On 1: The "100% OTUs" output by dada2 (I call them "sequence variants" or SVs) are analyzed much like OTUs. However, it is likely that you will actually find fewer SVs than you previously did OTUs. While there are multiple SVs lumped together within some 3% OTU, the dada2 method has a lower false-positive rate than the most common OTU methods such as uclust or average-linkage clustering, and in general I have seen a significant reduction in the total number of features.

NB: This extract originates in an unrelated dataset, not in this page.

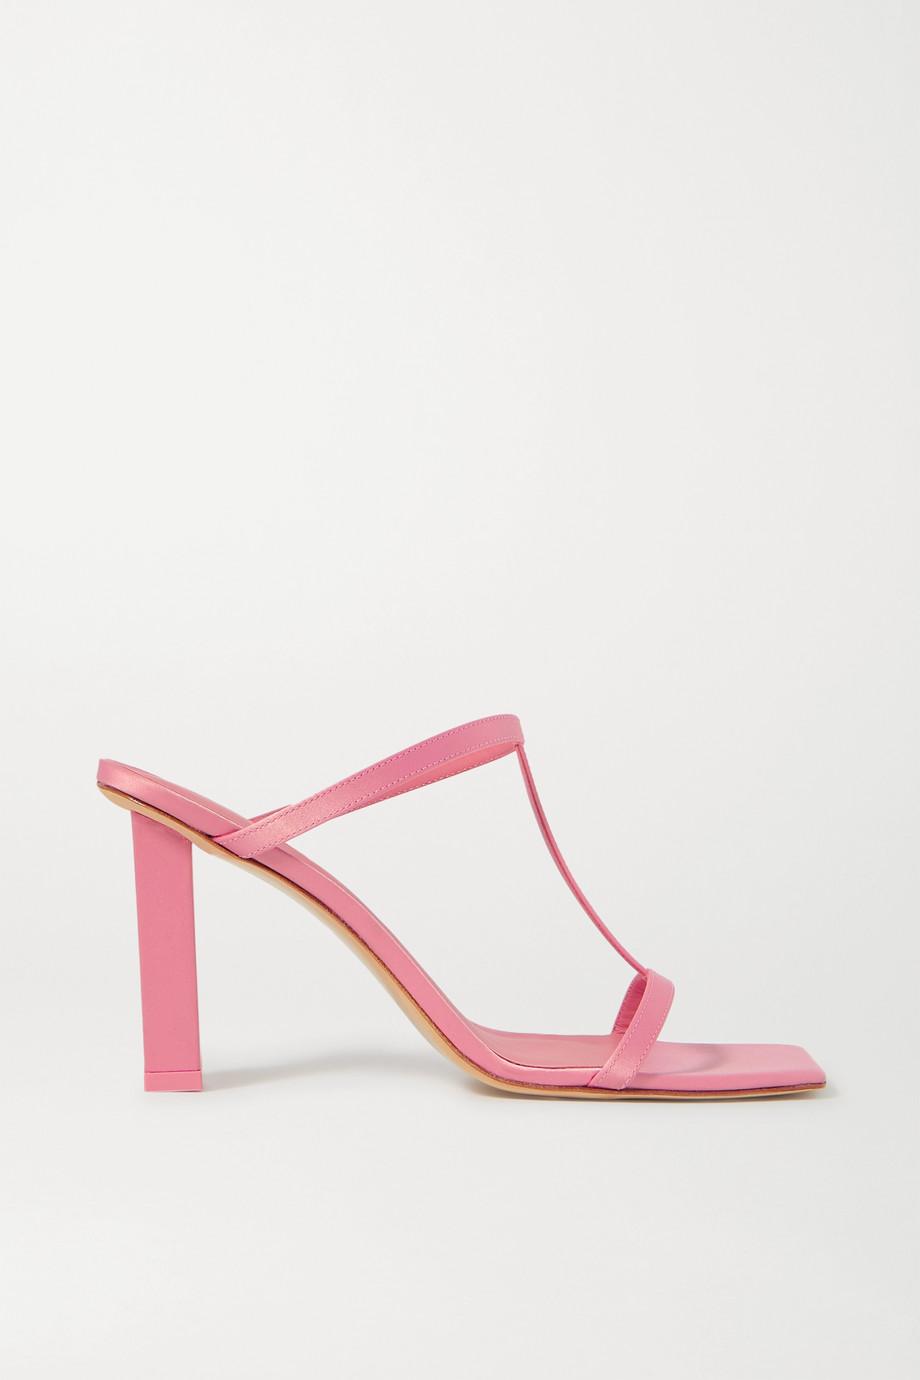 Cult Gaia Piper 罗缎穆勒鞋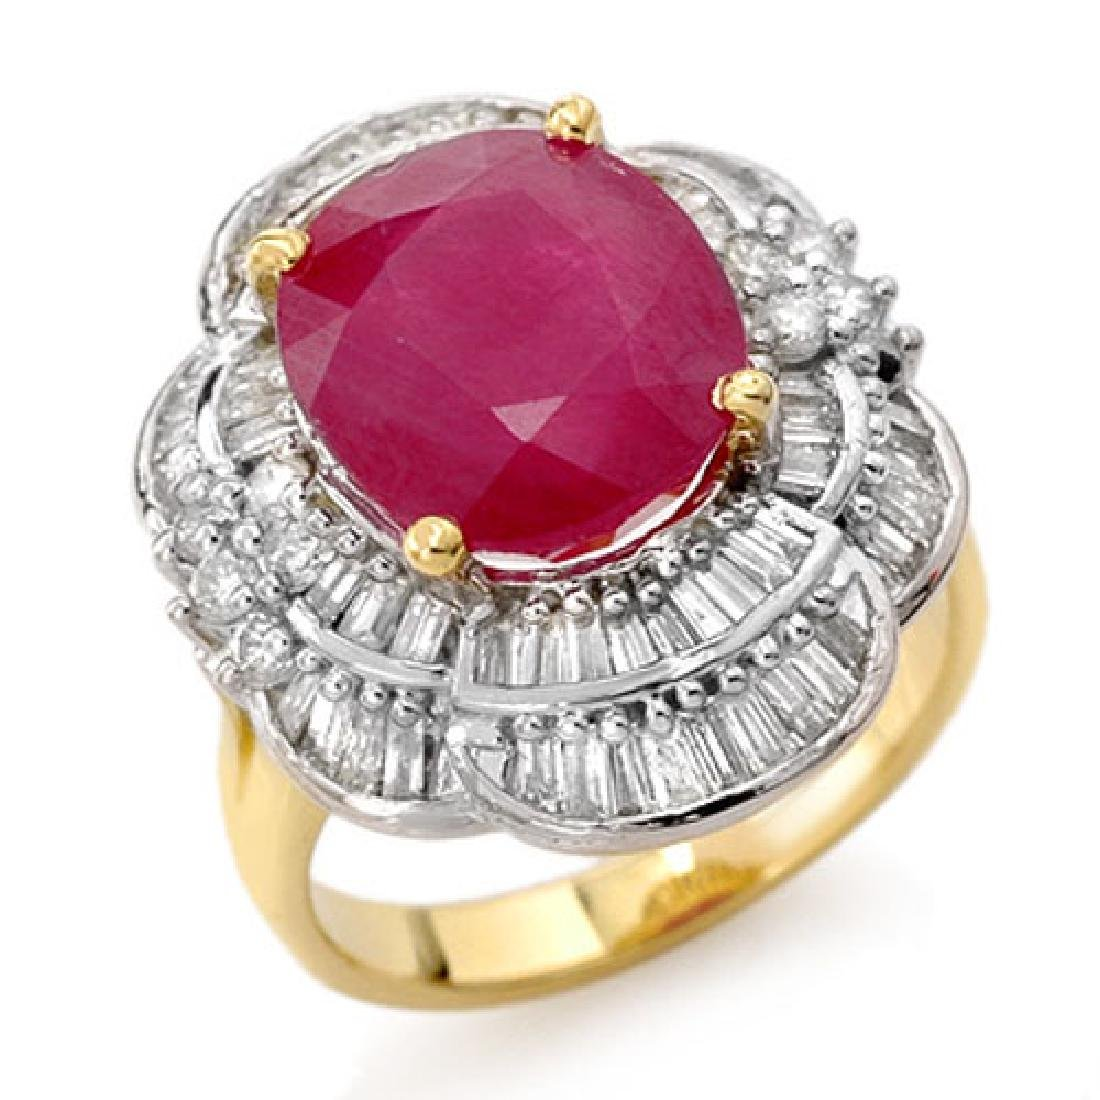 5.59 CTW Ruby & Diamond Ring 14K Yellow Gold

On 2: If the biological phenomenon of interest is at higher taxonomic scales, it is of course useful to analyze those data at those higher scales (eg. perhaps you are interested primarily in the ratio of Bacteroides to Firmicutes). In that case SVs can be grouped together on the basis of taxonomy (how I usually do it) or used as input to an OTU method with some pre-determined threshold. I'm not sure if that type of OTU picking is implemented yet in QIIME2, although one of the Q2 experts can clarify there. I would recommend starting at the most-resolved level (SVs) unless you have prior knowledge that the higher taxonomic levels are where the actions is though, as there can be significant functional differences between bacteria with similar 16S sequences.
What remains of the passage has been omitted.